WASHINGTON — Vietnamese Prime Minister Pham Minh Chinh has instructed his Cabinet to prepare for a possible global trade war following the announcement by U.S. President Donald Trump, who imposed tariffs of 10% on all Chinese products.
“Prepare for the possibility of a world trade war this year,” the Prime Minister stated during a Cabinet meeting on Wednesday, as reported by the Dan Tri online newspaper.
Pham’s comments came after Trump declared a pause in the threatened tariffs against Mexico and Canada for 30 days. He emphasized that the global and regional situations are “developing very unpredictably, directly affecting our country, especially on exports, production and business, and the macro economy.”
The potential for a global trade war raises concerns about retaliatory tariffs, which could disrupt supply chains and narrow Vietnam’s export markets, thereby posing significant risks to the Vietnamese economy.
Although Pham did not specifically reference Trump’s tariffs on Chinese products, there are rising fears that these tariffs may increase product prices and diminish consumer purchasing power in Vietnam. The Vietnamese economy is highly open and relies heavily on exports and foreign direct investment, with China being its leading trade partner.
Vietnamese businesses and consumers are preparing for U.S. tariffs on China to elevate costs of certain goods, particularly as the country imports machinery and electronic devices from the U.S., which often contain components sourced from China.

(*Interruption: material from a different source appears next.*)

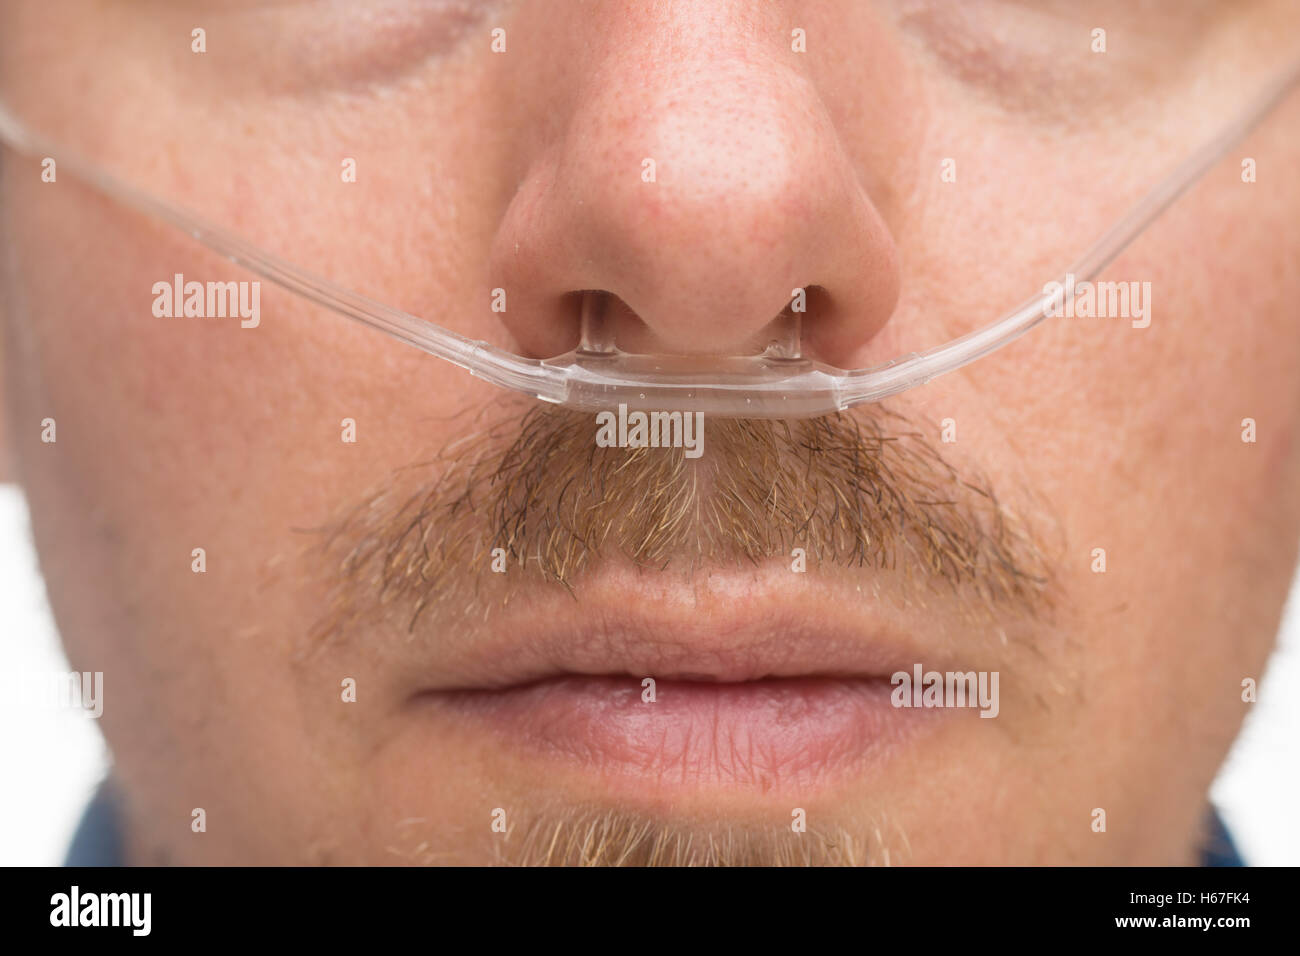 Nasal cannula for oxygen delivery on a bearded man Stock Photo

Analysts predict that Vietnam may face pressure from Beijing to import more Chinese products as the U.S. imposes higher tariffs on these items. Nguyen Quang A, an economic political observer and businessman in Hanoi, noted, “Vietnam may be under pressure to import more products from China as Chinese products are levied higher tariffs by the U.S.”

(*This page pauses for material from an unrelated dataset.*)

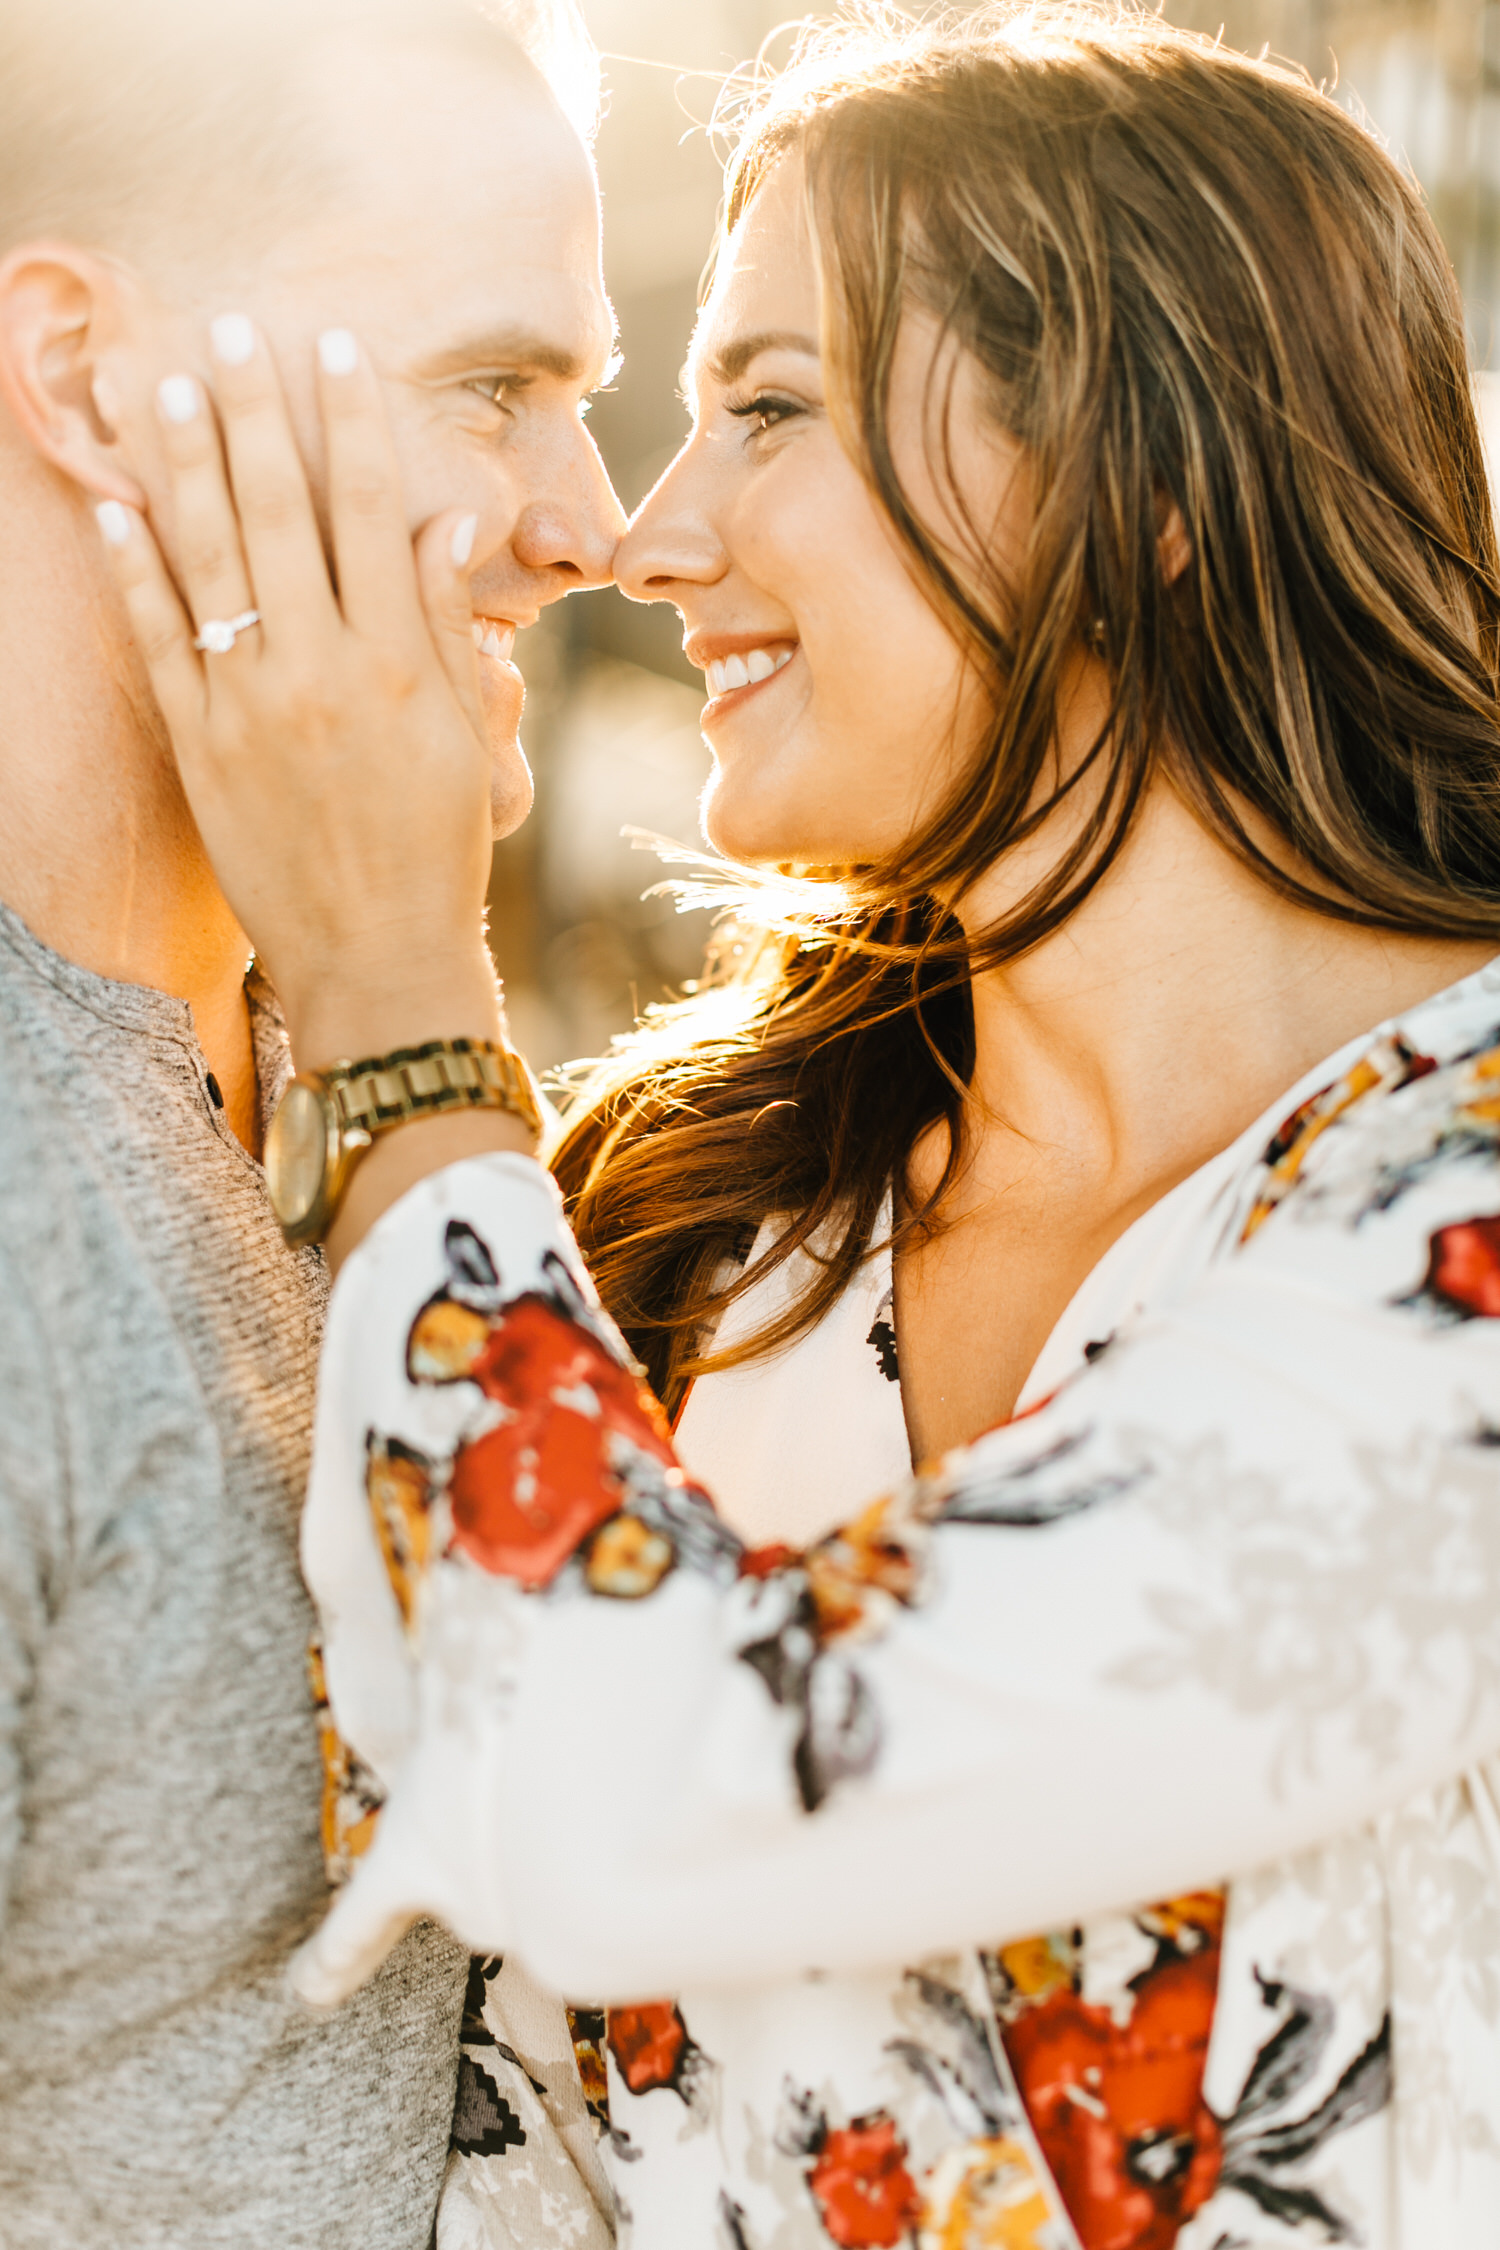 Palm Beach Engagement Photography

There are expectations that as American markets tighten for Chinese companies, those businesses may increasingly seek out regional trading partners, such as Vietnam. In 2024, Vietnam’s exports to China reached $61.2 billion, while imports surged to $144 billion, according to the Vietnam Chamber of Commerce and Industry.
In contrast, with the United States, Vietnam experienced a trade surplus in 2024 that exceeded $123 billion, as reported by Reuters. Analysts suggest that Hanoi’s commitments to import more from the U.S. and other offsetting measures could help Vietnam navigate the tariffs imposed by the Trump administration.

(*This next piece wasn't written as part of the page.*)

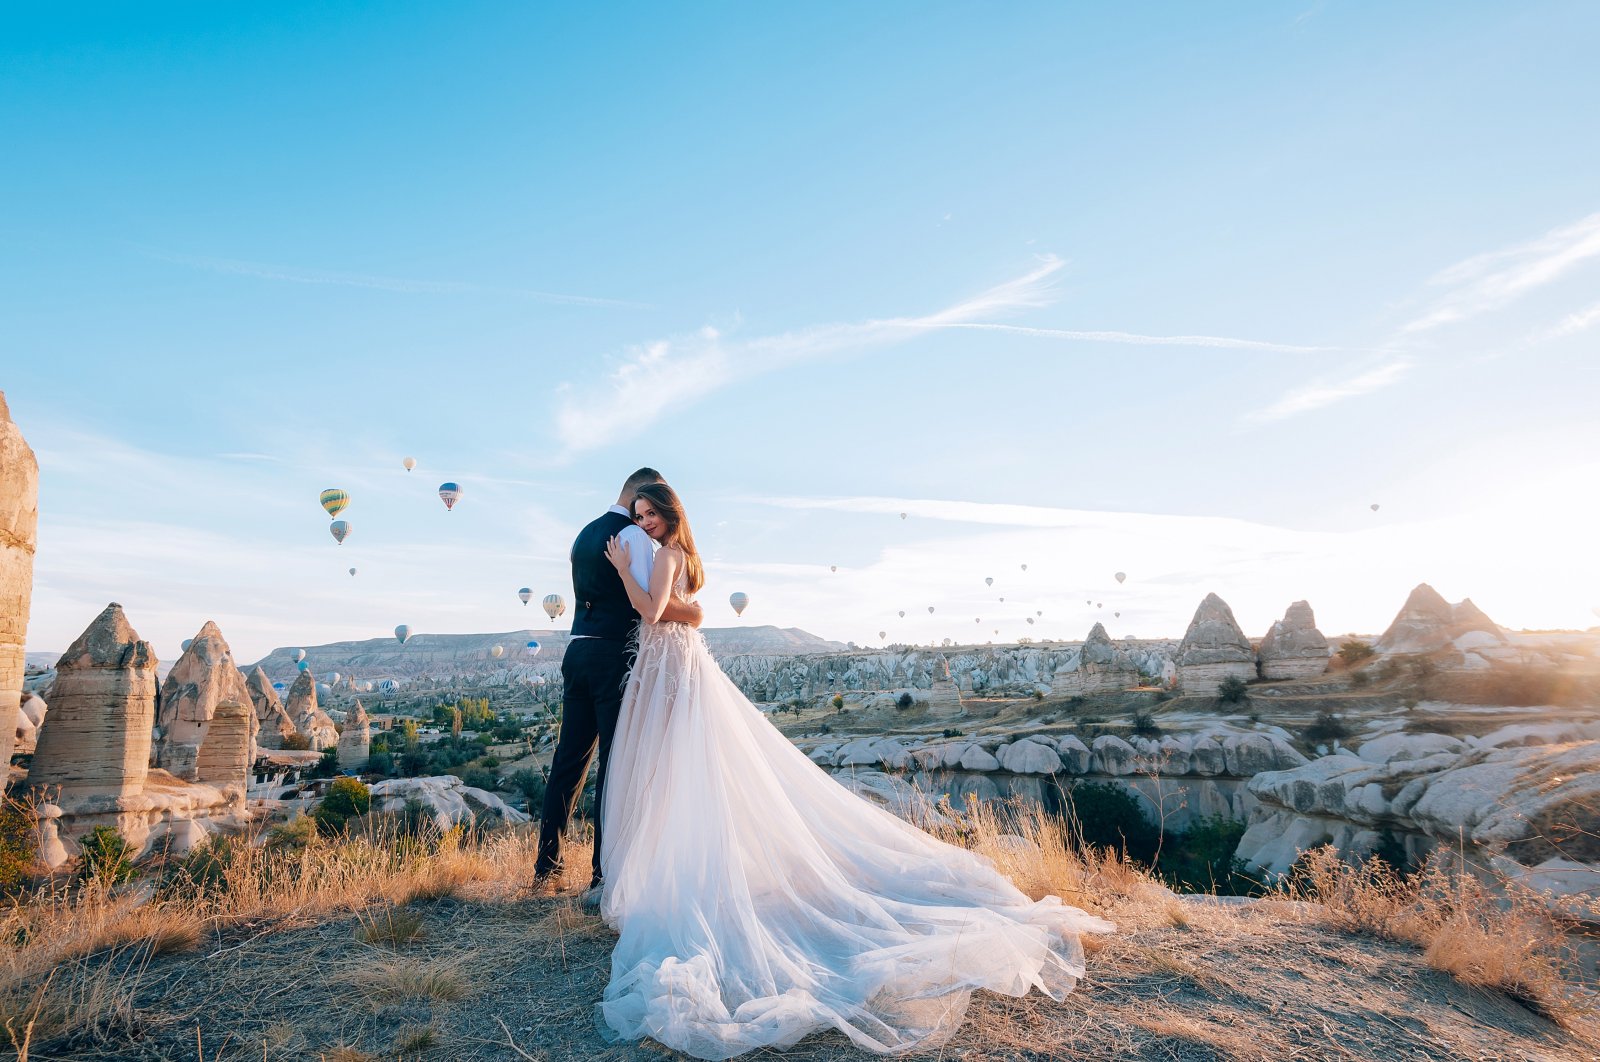 A young married couple posing for a photo in Cappadocia, Turkey. (Shutterstock Photo)

Nguyen pointed out a significant hidden risk for Vietnam: Chinese companies setting up factories within Vietnam to import products solely for re-export. This practice allows them to repackage Chinese products with minimal labor from inexpensive Vietnamese workers and export them under the “Made in Vietnam” label to circumvent tariffs. “Chinese businesses [are] moving to Vietnam and are processing their imported materials from China and then labeling their products as ‘Made in Vietnam’ before exporting to the U.S. The U.S. will definitely examine this issue carefully,” Nguyen said.
Given Vietnam’s long-standing geopolitical tensions with China, there are risks of retaliatory measures from Beijing, which has indicated it will impose tariffs on some U.S. goods shortly.
Nonetheless, Vietnam seemed to gain significantly in Trump’s first-term trade war with China, attracting manufacturers seeking to avoid Chinese tariffs. If Trump’s tariffs extend to Vietnam, the economic consequences could ripple across trade balances, exchange rates, supply chains, and foreign direct investment, stated Vo Tri Thanh, former vice president at the Central Institute for Economic Management and a member of the National Financial and Monetary Policy Advisory Council, in Vietnam News.
The sweeping tariffs have triggered a phenomenon of goods being stockpiled in Vietnam and the region to avoid tax hikes, which has increased demand for container shipping and driven freight costs to new heights.
Despite these pressures, Vietnam may find itself well-positioned to capitalize on shifts in global supply chains. Nguyen Hong Dien, Vietnam’s Minister of Industry and Trade, explained to Tuoi Tre Online that the country could attract more investment in high-value sectors.